--- Dataset section Enclosed Below ---

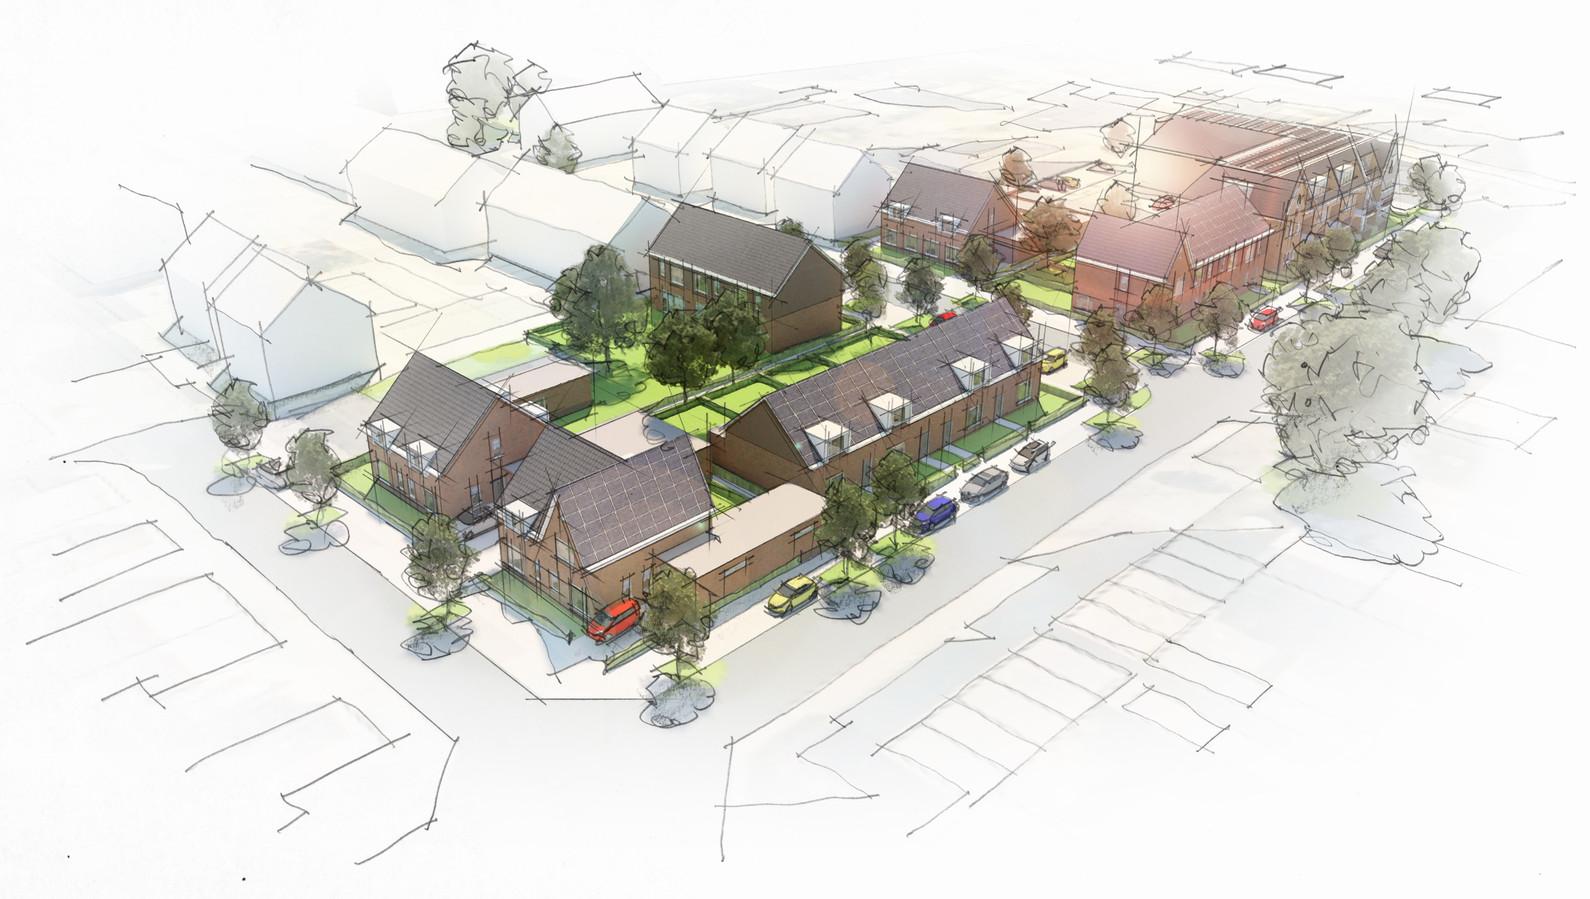 Impressie van nieuwe woonwijk in Rijen op voormalige locatie van KIN Installatietechniek.
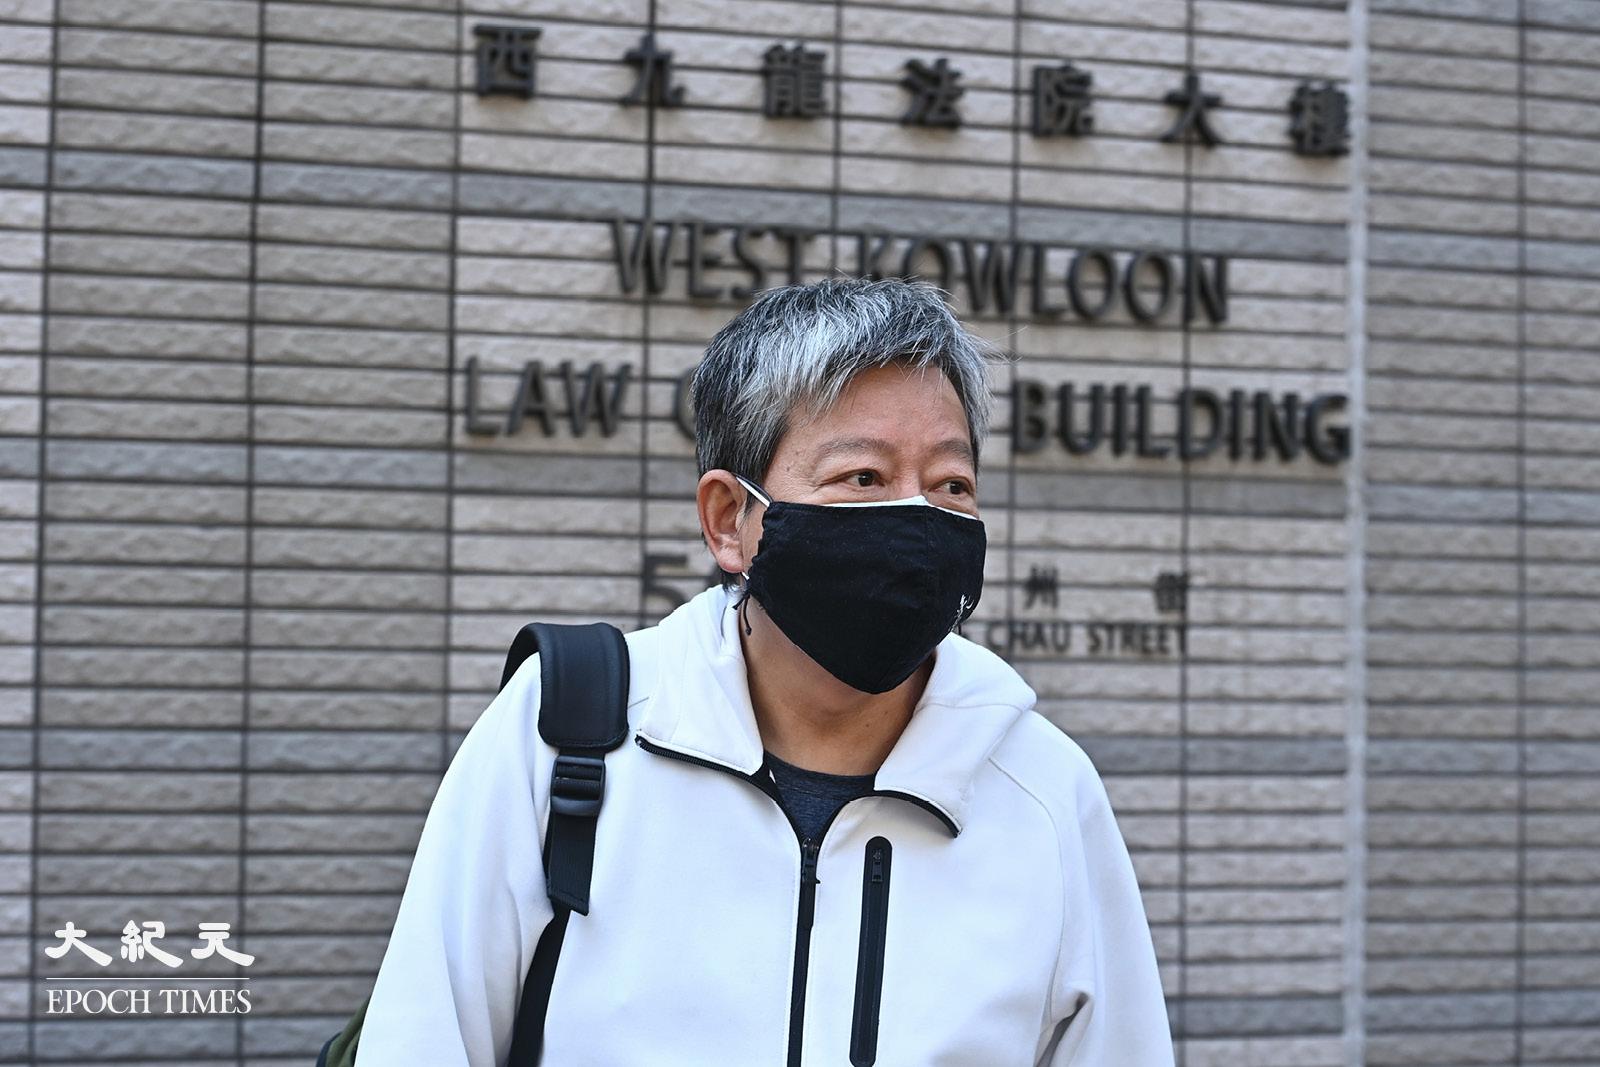 2月16日,9名民主派人士被控非法集結等罪名在西九龍法院審理,被告之一支聯會主席李卓人表示,牛年要像牛一樣為民主硬頸。(宋碧龍/大紀元)
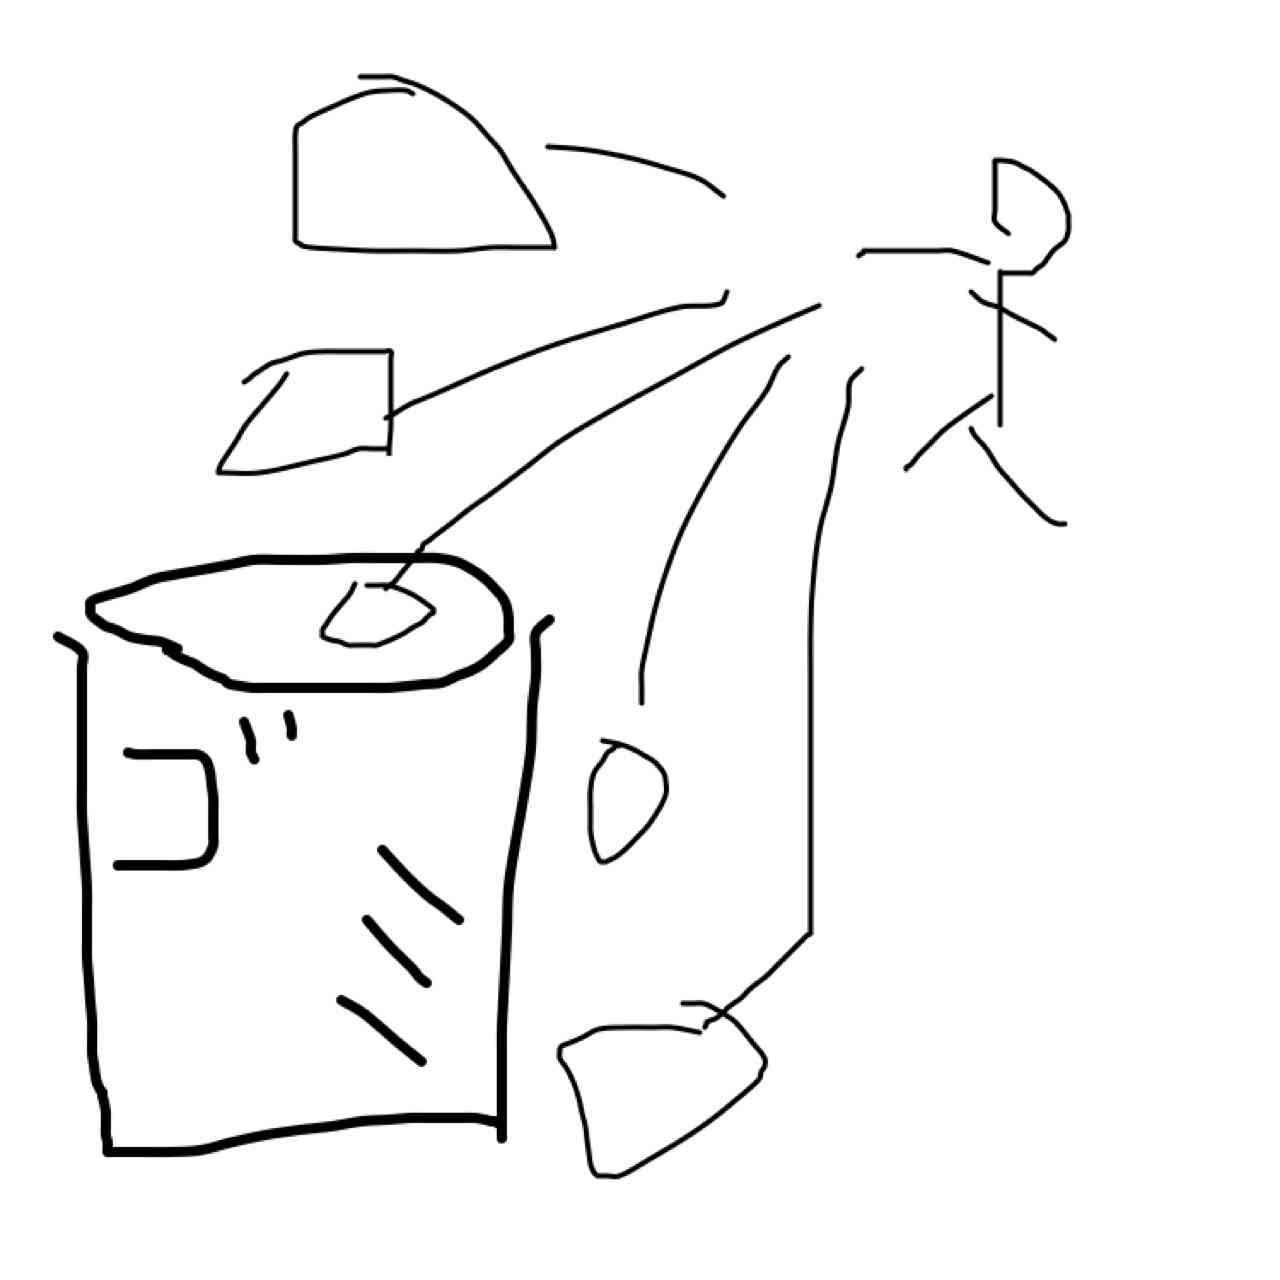 曲のサビの一部分を絵で描いてわかったらプラス

--- End of Enclosed Dataset section ---

■ **What the task requires**
Your copy of the data should match it exactly, apart from the images, which are omitted.

■ **Solution to this problem**
 Impressie van nieuwe woonwijk in Rijen op voormalige locatie van KIN Installatietechniek.
 2月16日,9名民主派人士被控非法集結等罪名在西九龍法院審理,被告之一支聯會主席李卓人表示,牛年要像牛一樣為民主硬頸。(宋碧龍/大紀元)
 曲のサビの一部分を絵で描いてわかったらプラス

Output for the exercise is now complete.